■ What is expected:
Using the records below, copy exactly the part that opens with the line holding "What Day is Target Least Busy?" and closes with the line holding "Pro-democracy activist, Ventus", minus the pictures.

[Record excerpts — start]

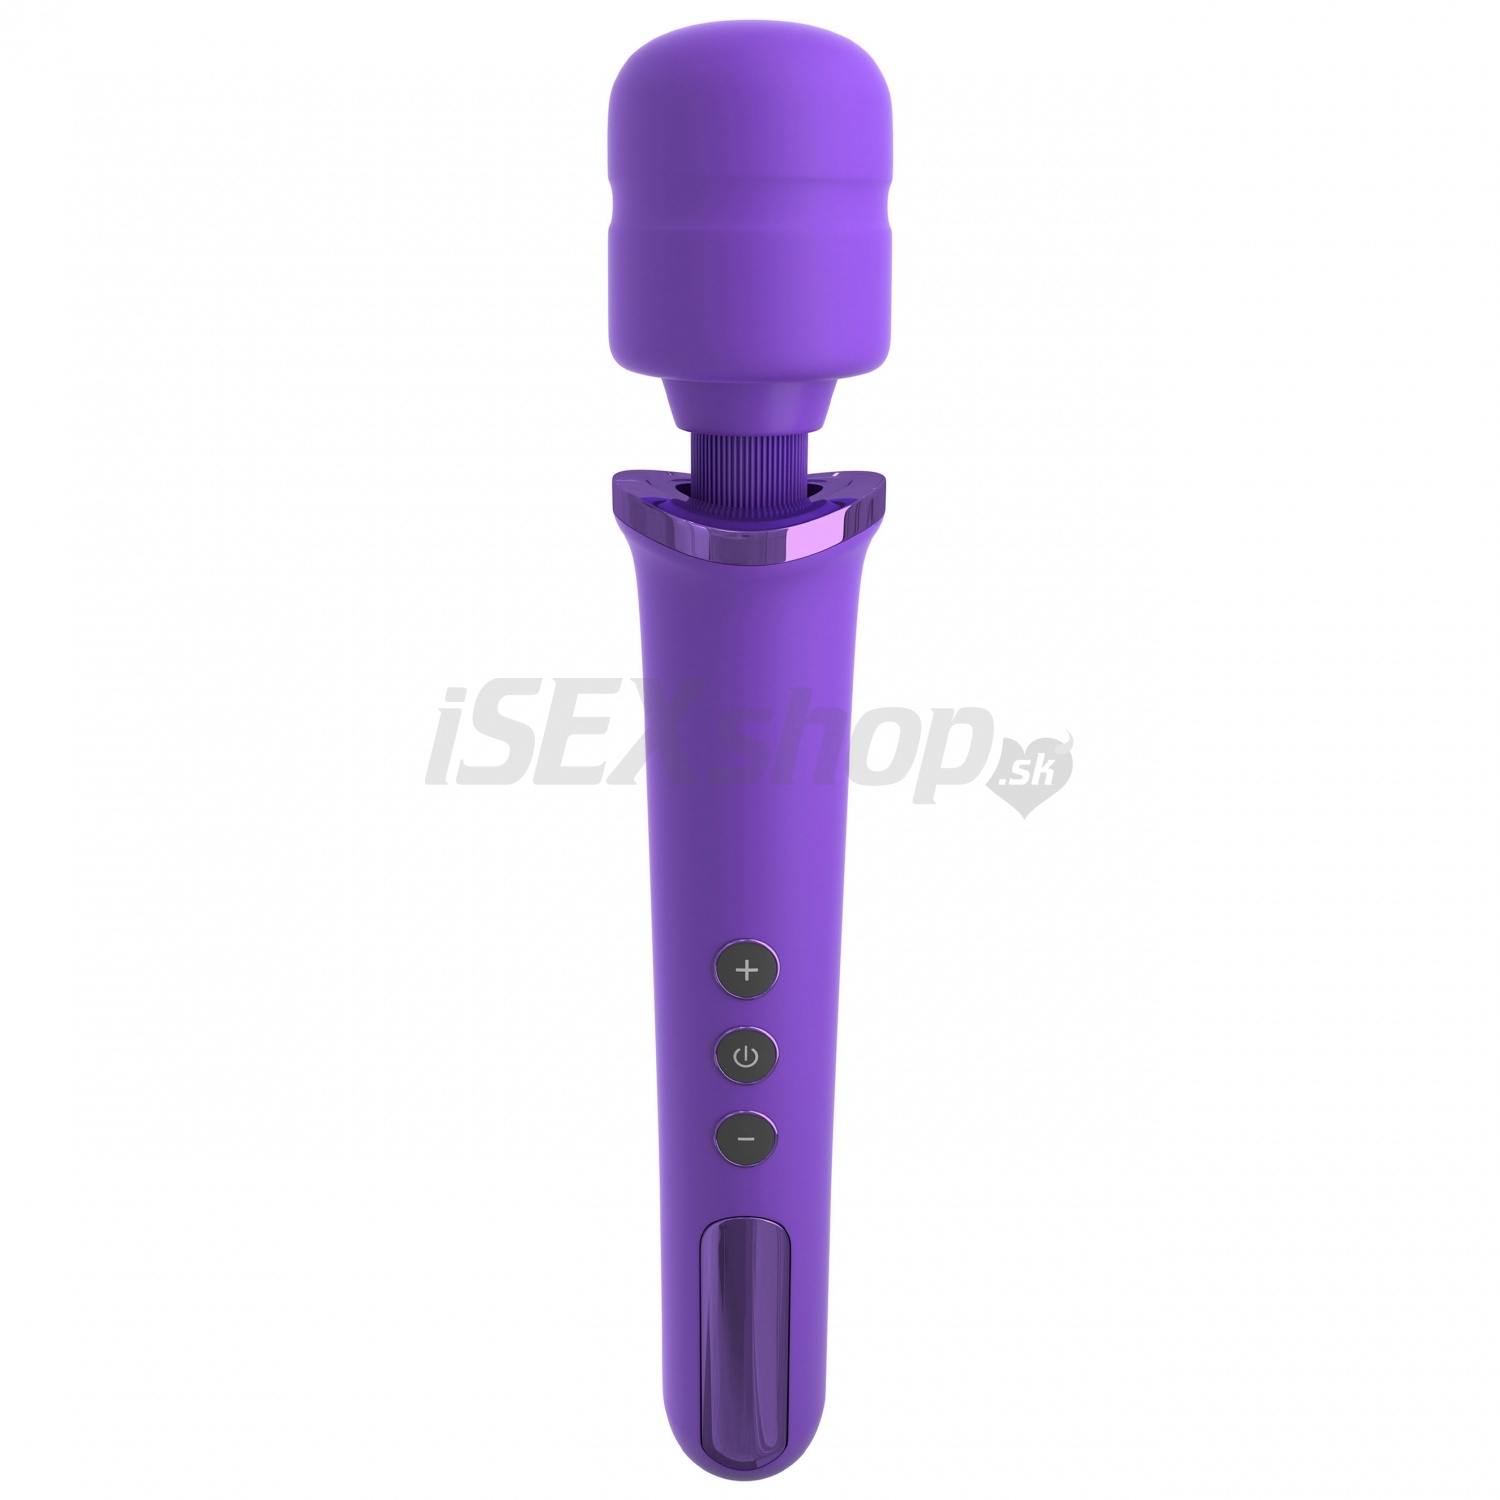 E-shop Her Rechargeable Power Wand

[Record excerpts — finish]
[Record excerpts — start]

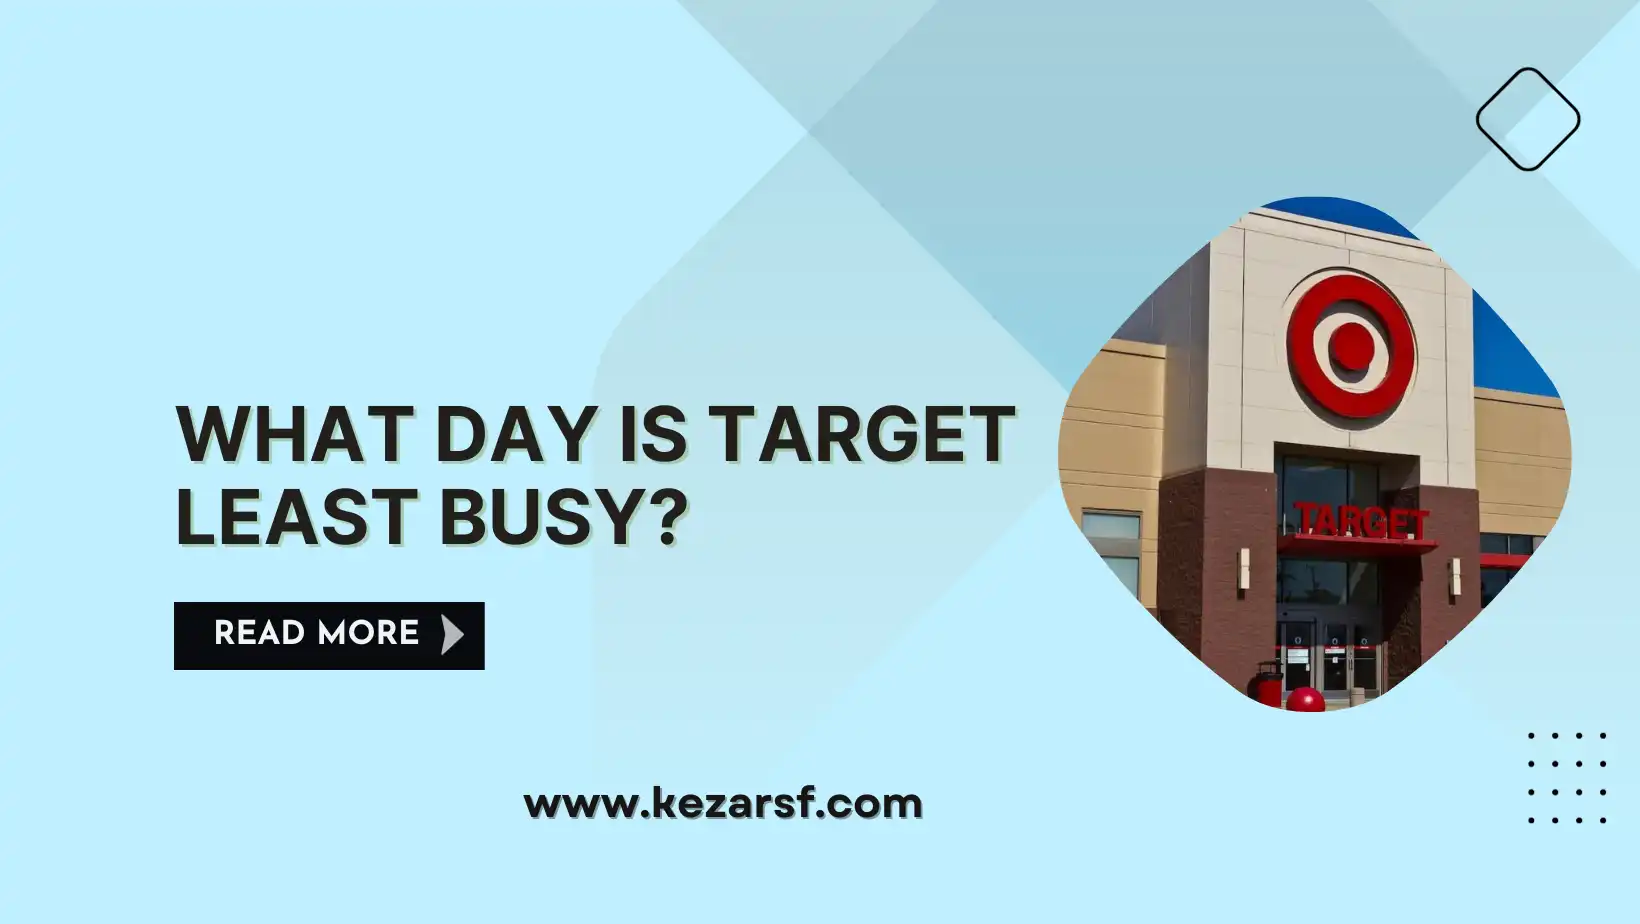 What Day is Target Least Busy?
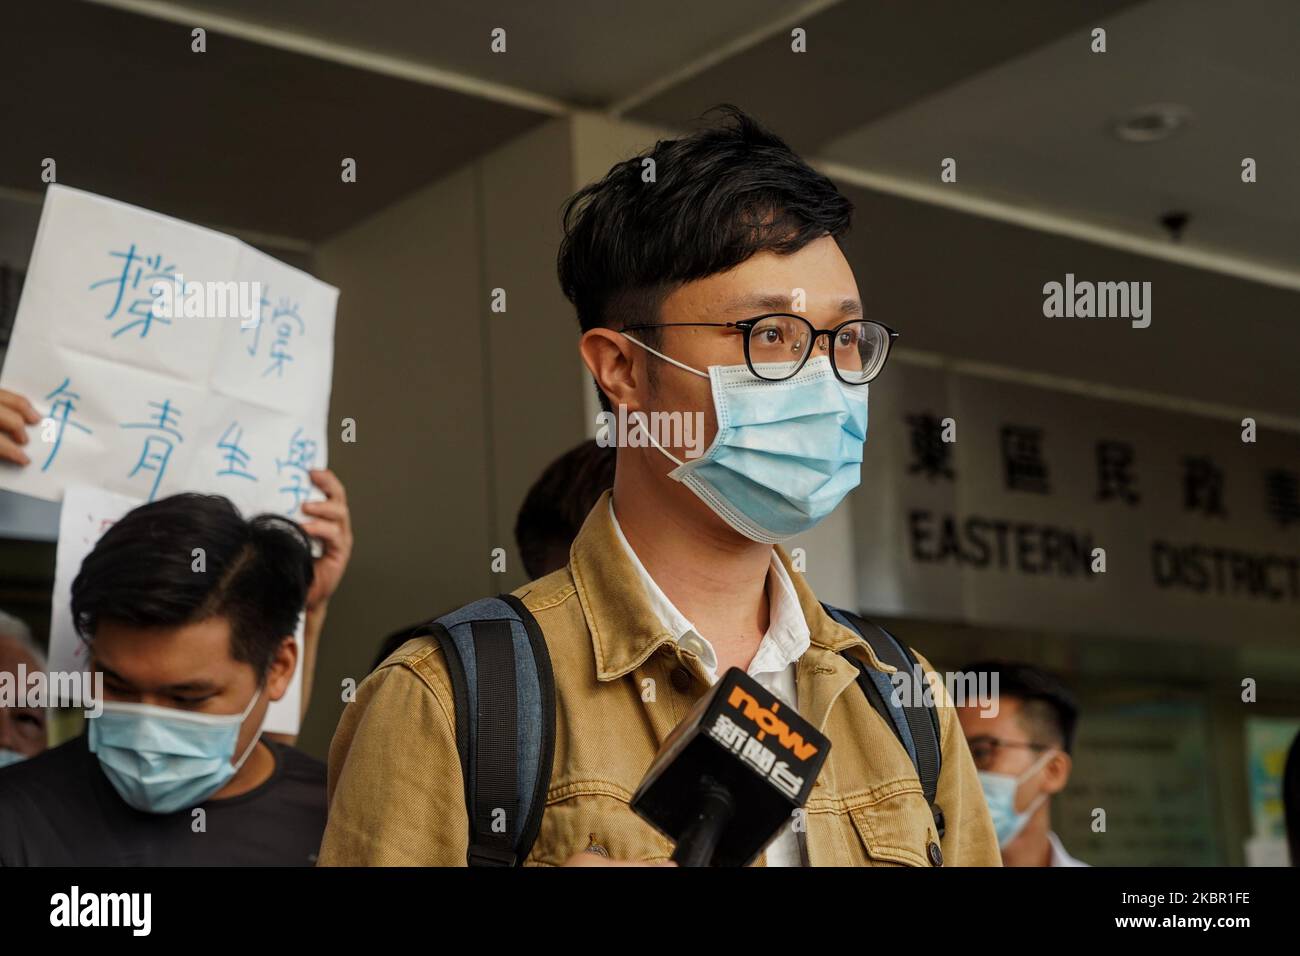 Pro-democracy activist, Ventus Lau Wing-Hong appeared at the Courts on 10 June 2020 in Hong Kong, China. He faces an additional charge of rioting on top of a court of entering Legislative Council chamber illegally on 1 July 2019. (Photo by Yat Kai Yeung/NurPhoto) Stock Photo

[Record excerpts — finish]

■ Task answer:
 What Day is Target Least Busy?
 Pro-democracy activist, Ventus Lau Wing-Hong appeared at the Courts on 10 June 2020 in Hong Kong, China. He faces an additional charge of rioting on top of a court of entering Legislative Council chamber illegally on 1 July 2019. (Photo by Yat Kai Yeung/NurPhoto) Stock Photo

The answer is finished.